Generally, Russia relies on the Orthodox Church to preach Slavic solidarity, insider deals and manipulated privatization for enrichment of favored politicians, as well as the encouragement of ethnic nationalists to follow a pro-Russian and pan-Slavic agenda. 

Russia’s meddling strategies

If these soft measures are perceived as not enough, Russia’s meddling strategy takes a bolder turn: in the recent elections in Montenegro, Serwer and Vuković argue, Russia financed opposition parties, demonstrations and a media outrage against Prime Minister Milo Dukanovic and his multiethnic and pro-NATO coalition.

 Pro-Russian forces went so far to plan a plot, which would lead to the arrest or killing of Dukanovic through an elaborate double play, which was averted by the Montenegrin police at the last moment. Some days later, Serbian Prime Minister Aleksandar Vucic confirmed foreign involvement in the attempted coup, without specifying the country. Russian individuals are wanted in relation to the scheme.

 

The nationalist parties

Serwer and Vuković point out that Russia also meddles in other countries in the region, even though short of actual coup attempts. In Serbia’s last election, Russia backed the Serbian nationalist opposition and nationalists within Vucic’s coalition, and afterwards successfully insisted on the inclusion of pro-Russian politicians in Vucic’s cabinet. In Bosnia and Herzegovina, Russia supports the autonomous region Republika Srpska and its President Dodik’s promise of an independence referendum, which would violate the Dayton Agreement.  

This extent of the Russian intervention seems to dwarf the potential for influencing the French and German elections. However, German Chancellor Angela Merkel confirms that Russian cyber attacks and disinformation campaigns are underway, with German intelligence suspecting a group of Russian hackers steered by Moscow of cyber attacks against the Bundestag (German lower house of parliament) in 2015, the headquarters of Merkel’s party CDU in spring 2016, and a broader attack against German political parties in summer 2016. 

Russia’s hybrid warfare in the media

The culprits might aim to influence public opinion before the 2017 election through the release of captured classified information from internal party servers. Moreover, among others also the French television network TV5Monde and the Ukrainian power grid, as well as Ukrainian election system, have been targeted. But also Russia reports its government has been hit by cyber attacks. 

The German Federal Office for the Protection of the Constitution (Bundesamt für Verfassungsschutz, BfV) sees both the risk of espionage and sabotage in the cyber attacks. “Cyberspace is a site of hybrid warfare”, confirms the head of the BfV, Hans-Georg Maaßen. 

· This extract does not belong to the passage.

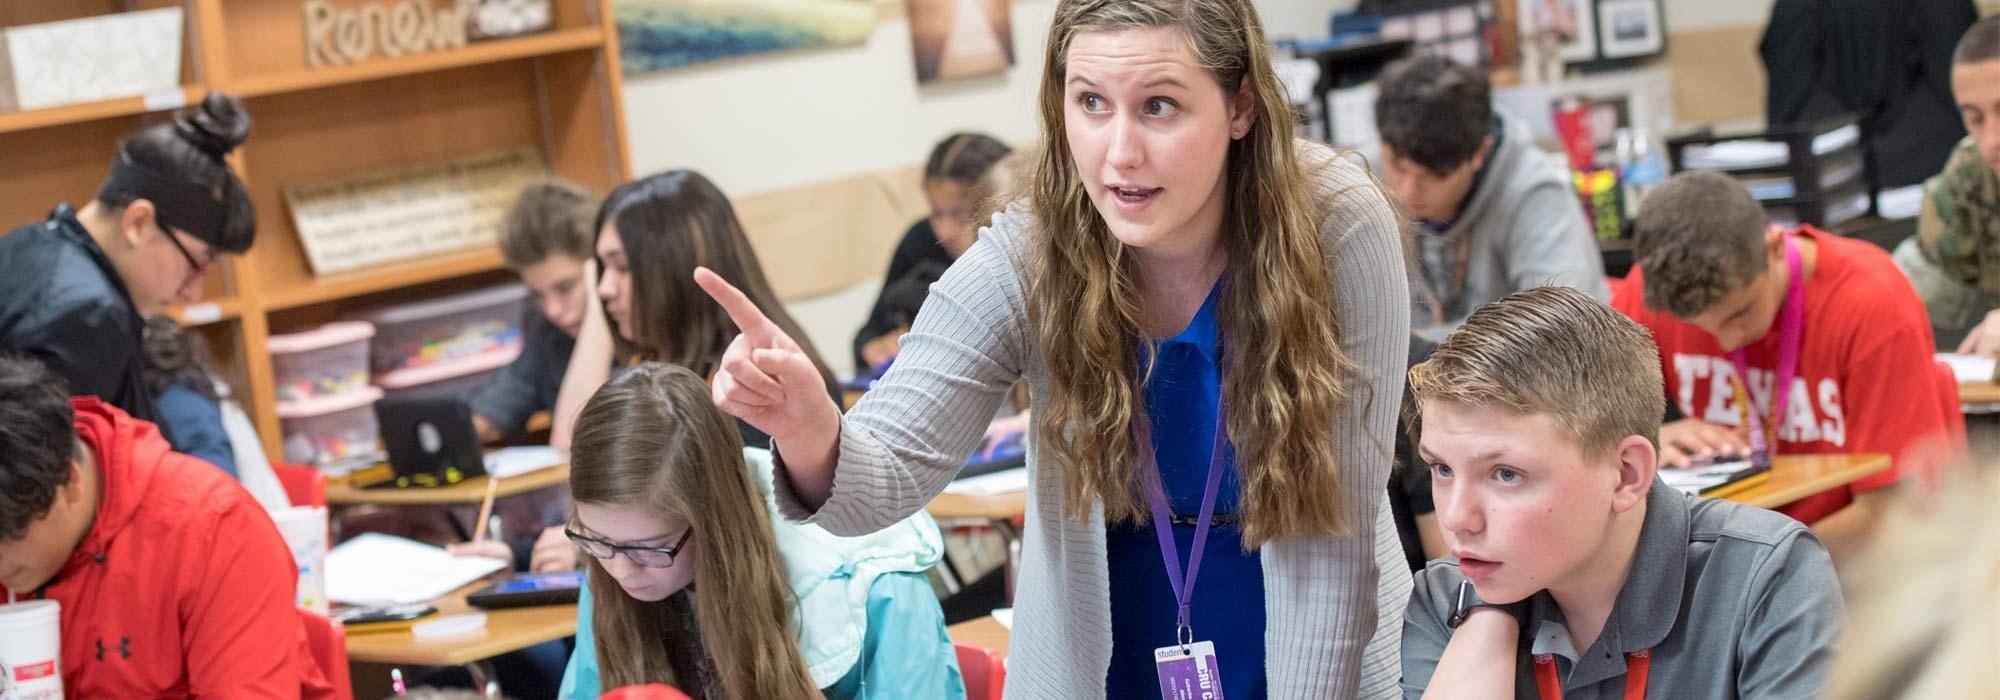 Degree in education student working with middle school students through UMHB teacher education program.

Also Flemming Hansen from the Danish Institute of International Studies confirms this in his presentation “Russian Hybrid Warfare”, held at SDU last Thursday (Nov 10). In the context of the Ukraine crises, he agrees that these cyber attacks and meddling attempts fall under wider Russian ‘hybrid’ or ‘ambiguous warfare’.

 A warfare warrant

Characterized by the fact that one cannot be sure whether the situation is war or not and it is not clear where the attacks are coming from, this form of undeclared warfare gives an unprecedented role to information technologies.

 While one might reasonably argue that this form of cyber attacks does not amount to actual warfare, the increasing number of incidents and their potential effect, as well as integration with more traditional means of warfare warrant a closer look. With the constant cover of plausible deniability, the appeal of cyber attacks is clear and it is difficult to prevent them from happening. Right now, it seems cyber security is the biggest game in town.